This Halloween, we’ve launched a campaign that highlights the reductive tropes in films that ‘contribute to othering and abuse’ in the everyday lives of those with visible differences.

This autumn, dozens of horror films portraying evil characters as having visible differences and spanning 1970s-present day are scheduled to appear across streaming platforms including Netflix, Amazon Prime, Apple TV, Disney+, HBO Max, BBC Iplayer, All4 and ITVX.

With the support of our campaigners and the wider visible difference community, we have contacted content officers at these streaming platforms with a number of asks:

  1. Consider updating individual film listings information to include a description in the copy that highlights the film contains negative portrayal of those with visible differences, with a link to the “I Am Not Your Villain” campaign.
  2. Consider integrating an on-screen caveat before the film plays that highlights the film does contain harmful tropes that portray negative perceptions of those with visible differences.
  3. Consider signposting to support for those affected or seeking more information about the experiences of those with visible differences at the end of the film, pointing to the Changing Faces website.

Through this, we hope to raise awareness of the issue, where harmful beliefs can be reinforced through instant access to decades of archived content without explanation of the impact.

Halloween is a particularly stressful time for some people with visible differences, where villainous characters with scars, marks, burns or conditions are often recreated as costumes, as well as becoming terms of abuse in everyday life.

Actor, Beth Bradfield, who was born with a hemangioma, which was surgically removed when she was a baby, resulting in facial scarring, has spoken out in support of the campaign: “While I’ve been involved in best-practice and inclusive shows within the TV and film industry, I am an advocate for positive representation of those with visible differences. The industry is progressing, but there is still a long way to go.

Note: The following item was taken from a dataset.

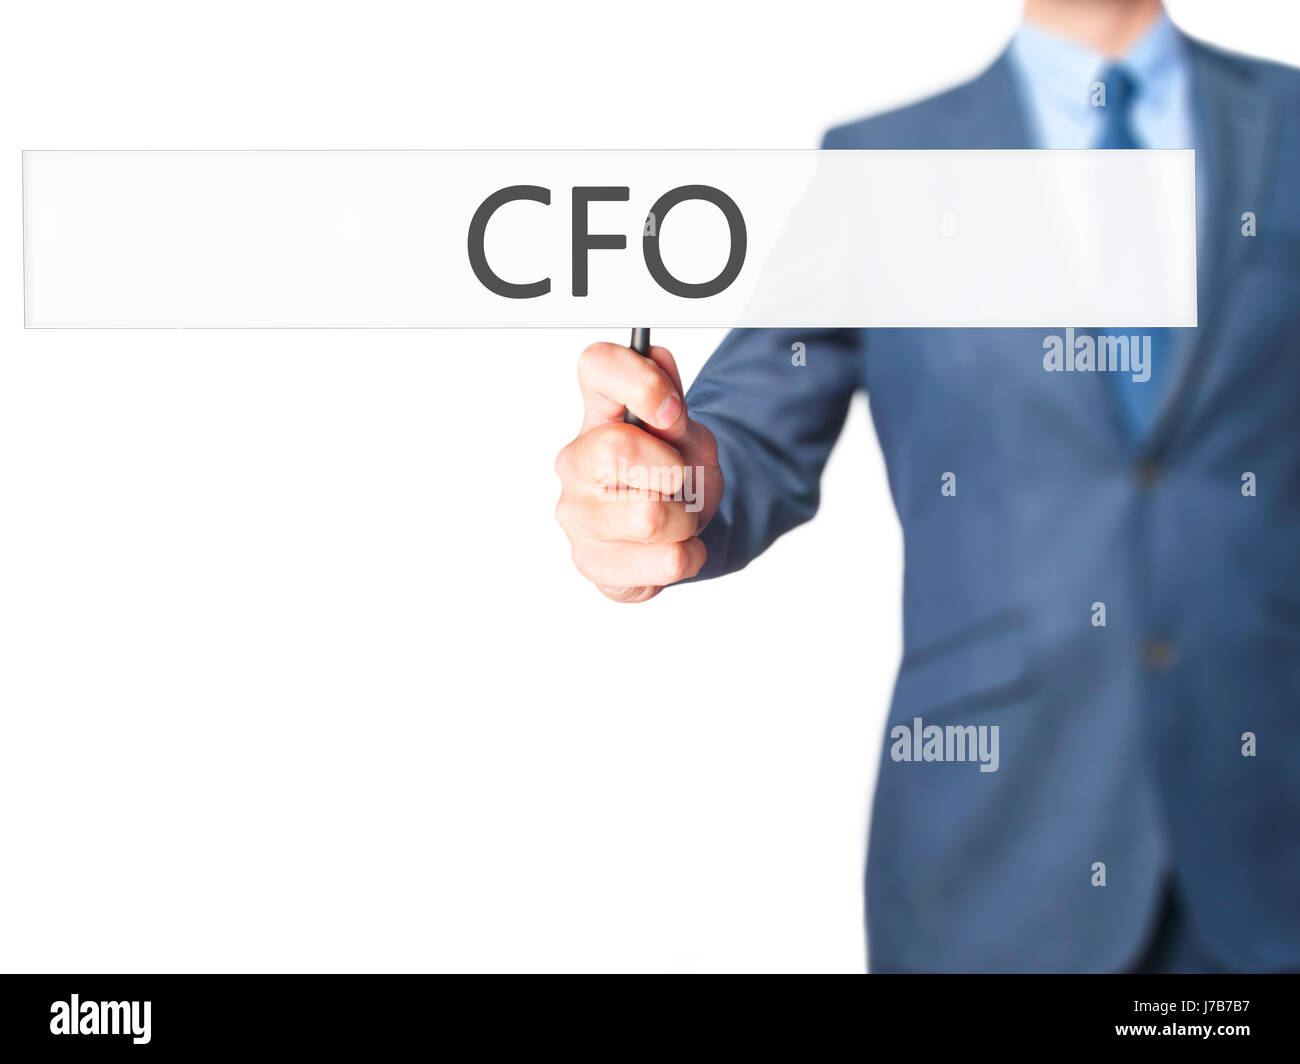 Chief financial officer cfo stockfotos chief financial officer cfo bilder alamy - Chief financial officer cfo ...

“It’s so important that the film industry talks about the impact of harmful tropes of films of the past while making way for new and exciting stories that normalise those with visible differences on screen as real people with real stories to tell.”

Entertainment union Bectu, with more than 40,000 members working in TV and film, has also backed the campaign.

Heather Blake, Changing Faces Chief Executive, says: “We know that Halloween can be an anxious time for those with visible differences.

“The film industry plays a role in this by reinforcing old-fashioned and harmful stereotypes. These carry through to everyday life for those with visible differences in ways that can have a lasting impact.

“Streaming platforms can help raise awareness and move the industry forward by acknowledging these film stereotypes, for example, adding a caveat to content that explains that these are present and harmful to those with visible differences.”

Campaigner Chris, who has a birthmark on the left side of his face, a nevus flammeus more commonly known as a “port wine stain”, says: “From as long as I can remember I have felt ambivalent about Halloween: happy at the collective opportunity for creative self-expression but unable to feel unadulterated pleasure in the festivities.

“As a kid I remember worrying over questions like “What if someone thinks my birthmark is part of my costume?” and “What if I get complimented for the authenticity of my make-up?” One Halloween I toyed with the idea of ironically appropriating a “Phantom of the Opera” mask to cover my birthmark, but on reflection the gesture didn’t sit right with me. For the sake of a private joke, I realised I’d be publicly reasserting the false correlation between evil and condition.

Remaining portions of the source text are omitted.